╭─ EXTRACTED MATERIAL
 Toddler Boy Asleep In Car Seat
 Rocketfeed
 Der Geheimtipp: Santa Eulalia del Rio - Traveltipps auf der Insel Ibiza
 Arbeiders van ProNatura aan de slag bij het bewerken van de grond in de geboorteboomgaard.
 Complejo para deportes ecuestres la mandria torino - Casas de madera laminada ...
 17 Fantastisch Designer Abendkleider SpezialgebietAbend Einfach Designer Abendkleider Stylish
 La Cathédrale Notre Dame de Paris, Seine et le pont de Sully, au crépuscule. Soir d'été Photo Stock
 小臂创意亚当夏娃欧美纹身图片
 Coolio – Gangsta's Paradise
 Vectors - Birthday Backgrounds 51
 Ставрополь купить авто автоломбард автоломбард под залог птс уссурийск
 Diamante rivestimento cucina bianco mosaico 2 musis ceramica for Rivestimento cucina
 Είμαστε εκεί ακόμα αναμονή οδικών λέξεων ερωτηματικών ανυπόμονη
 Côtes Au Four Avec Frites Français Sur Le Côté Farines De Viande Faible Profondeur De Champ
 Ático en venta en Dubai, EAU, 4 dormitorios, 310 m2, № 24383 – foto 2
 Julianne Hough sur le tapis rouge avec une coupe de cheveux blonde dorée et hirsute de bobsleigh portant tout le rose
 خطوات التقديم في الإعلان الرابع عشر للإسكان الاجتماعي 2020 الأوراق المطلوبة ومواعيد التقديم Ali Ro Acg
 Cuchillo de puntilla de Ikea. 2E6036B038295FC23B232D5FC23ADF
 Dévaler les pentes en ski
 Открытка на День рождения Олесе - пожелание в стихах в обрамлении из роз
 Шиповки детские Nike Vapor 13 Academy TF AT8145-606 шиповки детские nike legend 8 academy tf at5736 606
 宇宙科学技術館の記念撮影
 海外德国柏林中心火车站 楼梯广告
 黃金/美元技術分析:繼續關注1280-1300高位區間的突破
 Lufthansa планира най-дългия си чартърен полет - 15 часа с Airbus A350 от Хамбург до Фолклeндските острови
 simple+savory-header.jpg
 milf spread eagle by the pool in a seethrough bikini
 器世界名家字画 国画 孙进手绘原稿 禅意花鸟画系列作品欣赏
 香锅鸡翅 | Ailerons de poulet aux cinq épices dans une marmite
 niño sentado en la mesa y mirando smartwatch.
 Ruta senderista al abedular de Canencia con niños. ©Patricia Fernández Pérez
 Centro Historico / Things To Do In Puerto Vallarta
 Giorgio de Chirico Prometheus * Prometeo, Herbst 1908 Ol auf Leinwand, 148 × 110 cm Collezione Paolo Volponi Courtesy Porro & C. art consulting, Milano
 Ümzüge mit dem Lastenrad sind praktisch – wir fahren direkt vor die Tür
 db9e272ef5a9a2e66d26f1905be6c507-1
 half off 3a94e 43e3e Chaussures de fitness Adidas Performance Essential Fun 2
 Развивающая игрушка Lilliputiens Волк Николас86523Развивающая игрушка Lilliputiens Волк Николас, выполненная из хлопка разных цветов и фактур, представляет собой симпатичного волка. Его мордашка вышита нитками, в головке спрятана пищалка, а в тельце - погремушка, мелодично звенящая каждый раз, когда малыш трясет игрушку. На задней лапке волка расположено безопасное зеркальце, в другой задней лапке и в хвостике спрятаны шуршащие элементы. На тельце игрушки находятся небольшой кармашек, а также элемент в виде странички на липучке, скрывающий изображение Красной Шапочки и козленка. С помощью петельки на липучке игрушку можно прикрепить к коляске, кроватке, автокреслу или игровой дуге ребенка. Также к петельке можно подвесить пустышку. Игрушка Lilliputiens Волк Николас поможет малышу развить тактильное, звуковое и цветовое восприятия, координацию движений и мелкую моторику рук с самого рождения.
╰─
_WHAT YOU NEED TO DO_
Extract the first line above and each line after it up to and including the one with "Centro Historico /", please, exactly and with nothing else.

_TASK RESULT_
 Toddler Boy Asleep In Car Seat
 Rocketfeed
 Der Geheimtipp: Santa Eulalia del Rio - Traveltipps auf der Insel Ibiza
 Arbeiders van ProNatura aan de slag bij het bewerken van de grond in de geboorteboomgaard.
 Complejo para deportes ecuestres la mandria torino - Casas de madera laminada ...
 17 Fantastisch Designer Abendkleider SpezialgebietAbend Einfach Designer Abendkleider Stylish
 La Cathédrale Notre Dame de Paris, Seine et le pont de Sully, au crépuscule. Soir d'été Photo Stock
 小臂创意亚当夏娃欧美纹身图片
 Coolio – Gangsta's Paradise
 Vectors - Birthday Backgrounds 51
 Ставрополь купить авто автоломбард автоломбард под залог птс уссурийск
 Diamante rivestimento cucina bianco mosaico 2 musis ceramica for Rivestimento cucina
 Είμαστε εκεί ακόμα αναμονή οδικών λέξεων ερωτηματικών ανυπόμονη
 Côtes Au Four Avec Frites Français Sur Le Côté Farines De Viande Faible Profondeur De Champ
 Ático en venta en Dubai, EAU, 4 dormitorios, 310 m2, № 24383 – foto 2
 Julianne Hough sur le tapis rouge avec une coupe de cheveux blonde dorée et hirsute de bobsleigh portant tout le rose
 خطوات التقديم في الإعلان الرابع عشر للإسكان الاجتماعي 2020 الأوراق المطلوبة ومواعيد التقديم Ali Ro Acg
 Cuchillo de puntilla de Ikea. 2E6036B038295FC23B232D5FC23ADF
 Dévaler les pentes en ski
 Открытка на День рождения Олесе - пожелание в стихах в обрамлении из роз
 Шиповки детские Nike Vapor 13 Academy TF AT8145-606 шиповки детские nike legend 8 academy tf at5736 606
 宇宙科学技術館の記念撮影
 海外德国柏林中心火车站 楼梯广告
 黃金/美元技術分析:繼續關注1280-1300高位區間的突破
 Lufthansa планира най-дългия си чартърен полет - 15 часа с Airbus A350 от Хамбург до Фолклeндските острови
 simple+savory-header.jpg
 milf spread eagle by the pool in a seethrough bikini
 器世界名家字画 国画 孙进手绘原稿 禅意花鸟画系列作品欣赏
 香锅鸡翅 | Ailerons de poulet aux cinq épices dans une marmite
 niño sentado en la mesa y mirando smartwatch.
 Ruta senderista al abedular de Canencia con niños. ©Patricia Fernández Pérez
 Centro Historico / Things To Do In Puerto Vallarta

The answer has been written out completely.